Ways to Reduce Workers’ Compensation Costs

By Patrick Keightley, CIC, Vice President

Georgetown Insurance Service, Inc.

The easiest way to reduce your workers’ compensation premium is to prevent losses for occurring in the first place. While that might seem like an obvious answer, it’s much easier said than done in some cases. However, it’s true nonetheless.

If your company’s workers’ compensation premium is more than $5,000 annually then you are likely familiar with experience ratings and experience modifications. An experience rating is the amount of loss that an insured party experiences compared to the amount of loss that similar insureds have. This information is then used to calculate the experience modification factor, which is an adjustment of an employer’s premium based on the losses the insurer has experienced from that employer. Each loss in a firm’s experience rating lasts for three consecutive years. Therefore, each loss impacts your workers’ compensation cost three times. The larger the loss and the more you have, the larger your experience modification will be. For example, if your experience modification is 1.50 then your workers’ compensation cost will increase by 50 percent. And the reverse is also true. If your experience modification is .70 then your premium is reduced by 30 percent because of your good experience over the three-year period presented in the rating.

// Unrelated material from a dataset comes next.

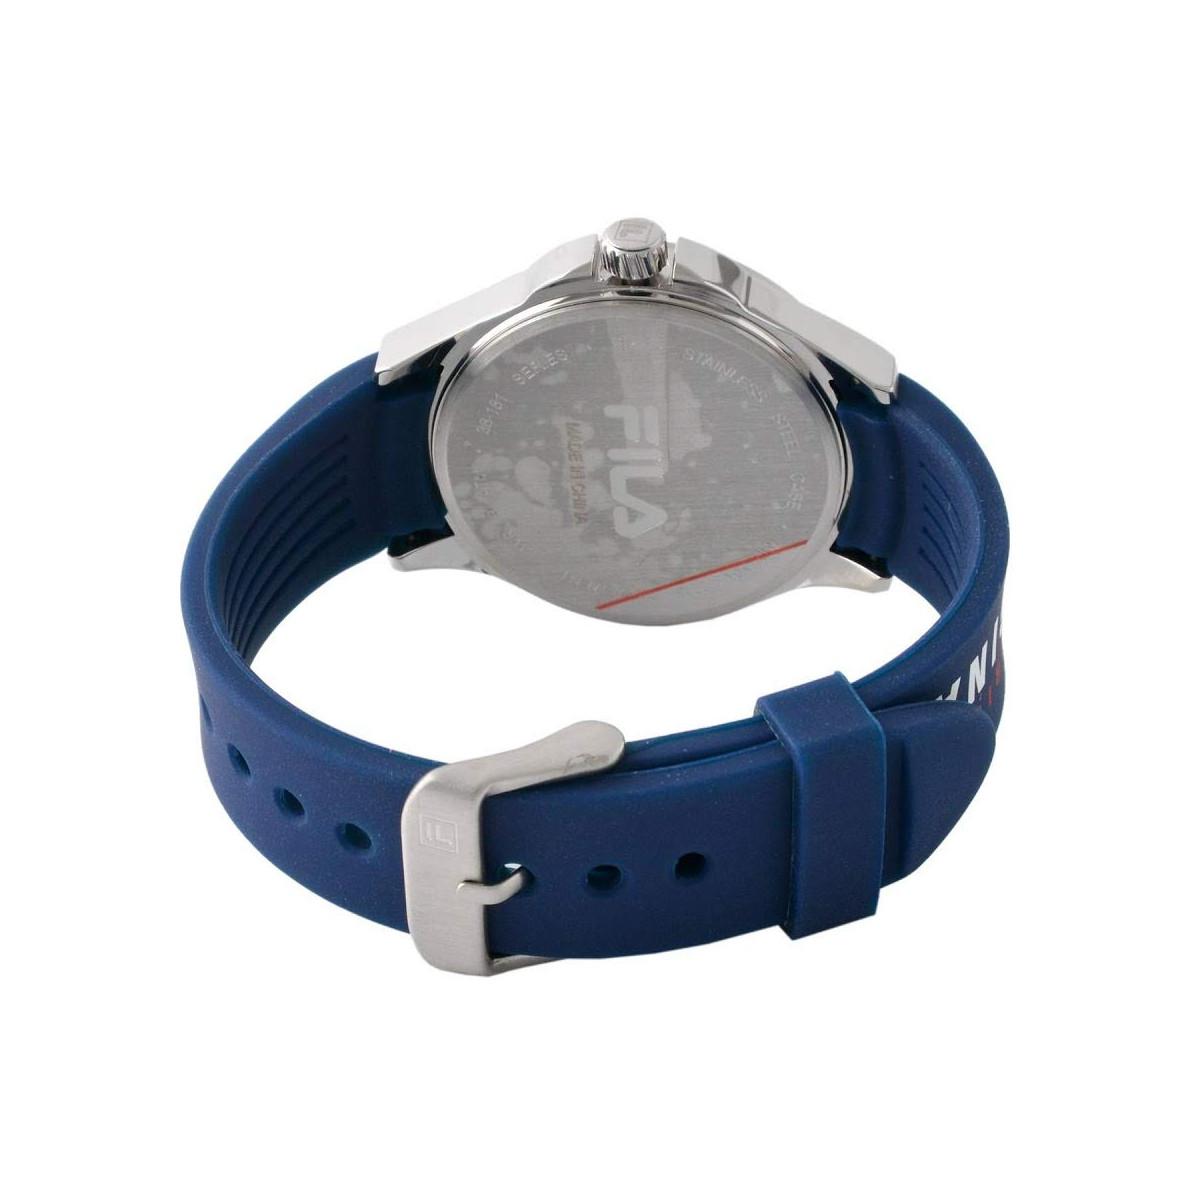 Montre homme FILA cadran bleu - 38-181-002

So, what can you do to reduce losses? The number one thing is to increase the time, effort and money being spent on your company’s safety program. Work with the loss control department of the insurance carrier writing your workers’ compensation policy to help with your safety plan. It’s free and many will offer training classes or online modules as well as job site or plant visits to help identify problem areas.  Also, make safety results part of the performance review process for supervisors and managers. The key to any safety plan is to make sure it’s done with the best interests of the employees in mind.  You want to prevent injuries because you don’t want to see your employees injured. A premium savings is the result of good experience but it’s not the intent. Otherwise, you won’t have buy-in from your employees and supervisors and the program will be ineffective.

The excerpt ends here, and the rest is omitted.